An inductor does not "select or block certain frequencies". The voltage across it is the negated time-derivative of the current applied to it multiplied by a constant (the inductivity).

The negated time-derivative of sin(2 pi f t) is - 2 pi f cos(2 pi f t), so you get a phase shift of 90 degrees, and a frequency-dependent factor of - 2 pi f.

Taken together, one calls this a complex impedance of 2 pi j f L (j being the engineers' name for sqrt(-1) as i is already taken for currents).

This just favors admitting higher frequencies but does not single out any frequency. To actually single out frequencies, you need to combine the inductor with other components. Resistors are always involved in real circuits (any non-superconducting elements have finite resistance). But to get actual selectivity with passive components, you need to work with capacitors as well.

If you put an inductor and a capacitor in series, there will be one frequency where the voltages across both capacitor and inductor, given the same current, will just cancel out. This will effectively form a shortcircuit for this frequency, admitting arbitrary currents for a small applied voltage, basically only limited by parasitic resistance. The individual voltages across inductor and capacitor will still be large, requiring them to be specified accordingly.

Similarly, if you put an inductor and a capacitor in parallel, there will be one frequency where the currents across both capacitor and inductor, given the same voltage, will just cancel out. This will effectively block currents for this frequency. Again, inductor and capacitor will still have to withstand the current through the individual components even though the net current will be almost zero.

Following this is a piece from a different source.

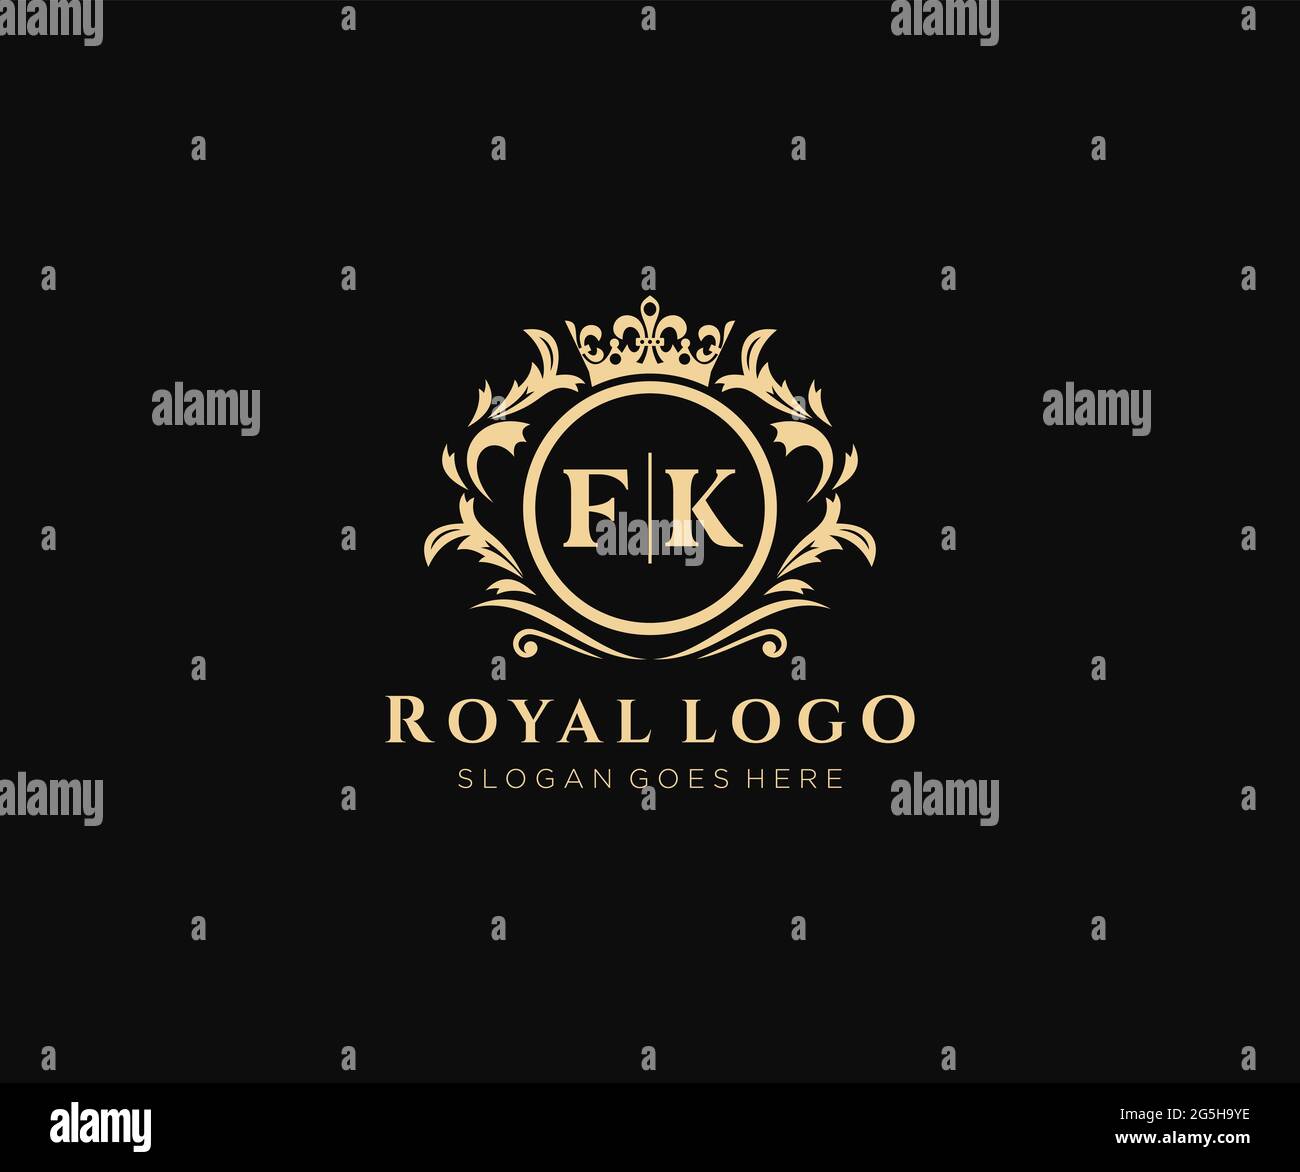 FK Letter Luxurious Brand Logo Template, for Restaurant, Royalty, Boutique, Cafe, Hotel, Heraldic, Jewelry, Fashion and other vector illustration. Stock Vector

Filters specialized on a single frequency (either admitting or blocking it) can be made very selective with few components as long as those components are close to ideal capacitors/inductors without large parasitic resistances. However, crossover networks (like used in loudspeakers) have a whole passband and stopband rather than single frequencies to be let through or blocked. In this situation, you'll need more components for sharper transitions, regardless of the components' quality.

For HF filtering purposes, the inductors are the most conspicuous components and those that are used for tuning the filters (by screwing the ferrit core further in or out). But they won't do the trick without accompanying capacitors either.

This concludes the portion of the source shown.